Bonne surprise de cette rentrée s’agissant « premiers romans », La Contre-heure révèle un écrivain déjà mûr, tant par le style que par la personnalité littéraire. Si Sébastien Hoët s’autorise d’ailleurs plusieurs charges aussi virulentes que jubilatoires contre certains littérateurs contemporains, avalisons le fait qu’il peut largement se le permettre, une seule de ses pages où l’écriture est toujours fine, ciselée, nerveuse, corrosive, renvoyant à son énigmatique nullité toute l’« œuvre » d’une Christine Angot, par exemple, dont la démence égolâtre, la vacuité agressive et illuminée, ravagent actuellement l’entièreté du panorama… Bref, passons.

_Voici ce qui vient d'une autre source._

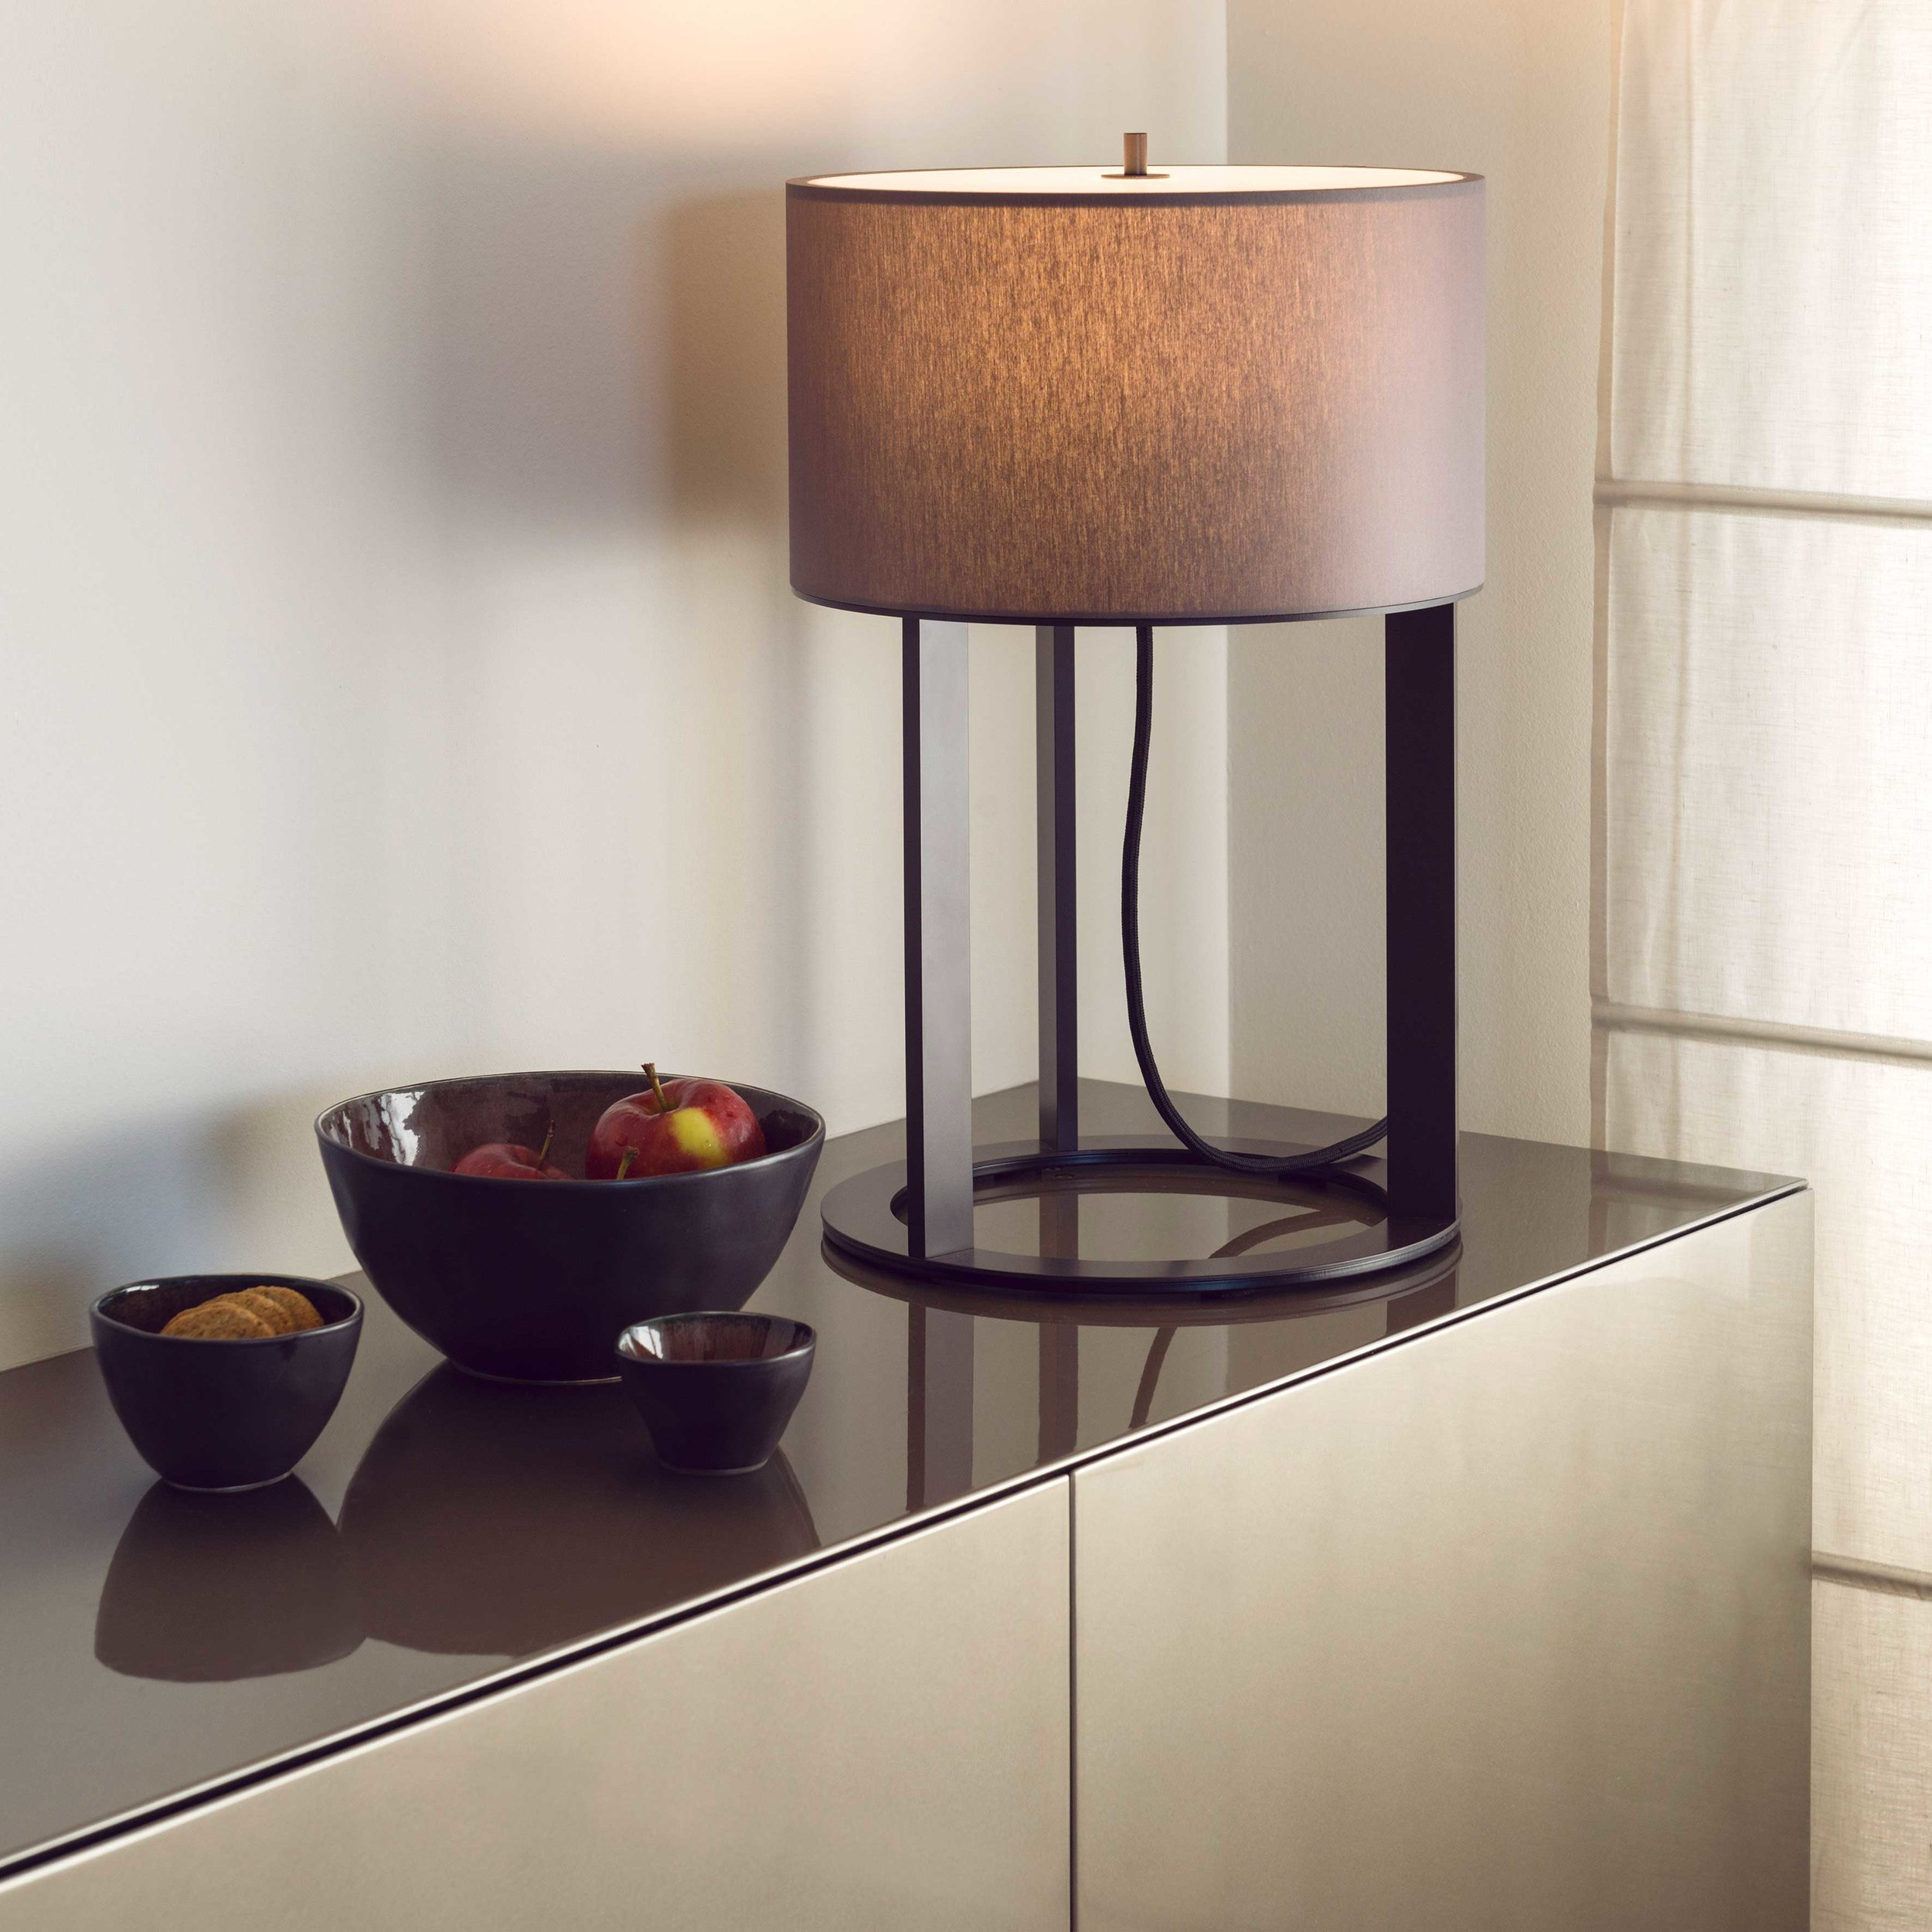 LOE_table_lamp-by-Iria-Degen-Baulmann-Leuchten_01.jpg

Gilles (hommage à Drieu ?), professeur de philosophie dans un lycée de Lille, il promène son regard cocasse et cruel, amer et cinglant, sur ce qui l’entoure : collègues ou élèves, enfants, jeunes ou vieux, productions culturelles diverses, et plus généralement tout ce qui constitue l’esprit d’une époque qui, sans doute, s’illustrera dans l’Histoire pour l’ampleur inédite de sa médiocrité satisfaite. Excellent satiriste, Hoët ne rate jamais une cible ; cette attaque du groupe The Kills, par exemple, est savoureuse : « Une lycéenne énervée, hurlant dans un micro, cachée sous ses cheveux, avec un vieux skater vendeur de fruits et légumes qui faisait ding-ding sur une guitare électrique mal branchée, et on s’extasiait là-dessus. »

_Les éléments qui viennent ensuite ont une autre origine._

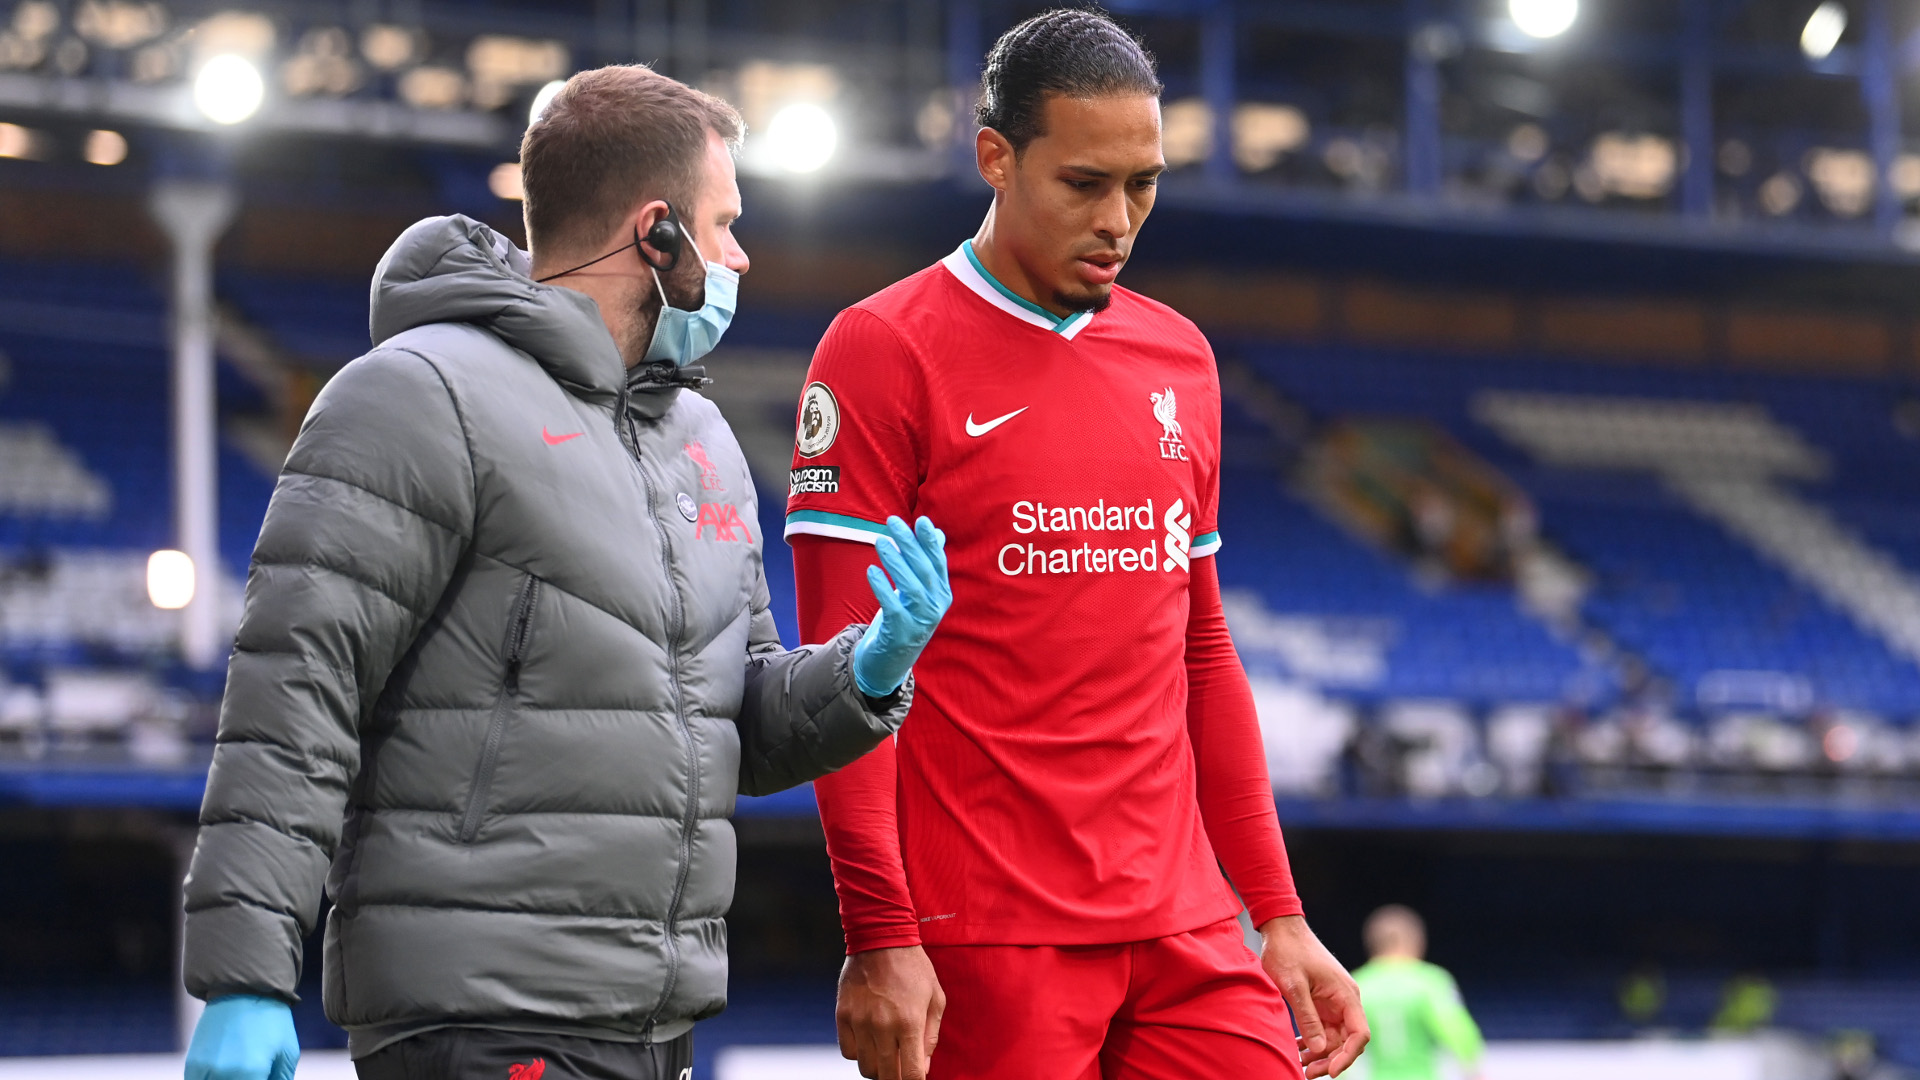 Liverpool boss Klopp offers Van Dijk recovery update after encouraging training videos

Le masque de Gilles, séducteur désabusé, homme d’esprit braqué contre son temps, aussi dédaigneux qu’étiolé, se figerait également aisément dans la grimace, n’étaient deux êtres qui viennent insidieusement le bouleverser. D’abord une lycéenne, suicidée en se jetant dans la cour depuis le troisième étage le jour de la rentrée, dont il semble d’abord ignorer le drame mais qui hante le livre en entrecoupant l’histoire du ressassement de ses derniers instants. Ensuite, Esther, collègue d’anglais dont Gilles s’éprend tout en méprisant son milieu bobo, prévisible et inculte. Sauf qu’Esther se révélera plus fine que Gilles ne l’imaginait, et lui servira ses quatre vérités. Si l’on peut trouver un peu faible les scènes de la jeune suicidée et insuffisamment développée la progression et les interactions entre les personnages, ce premier roman n’en constitue pas moins une réussite remarquable, qui tranche avec éclat sur la fadeur ambiante.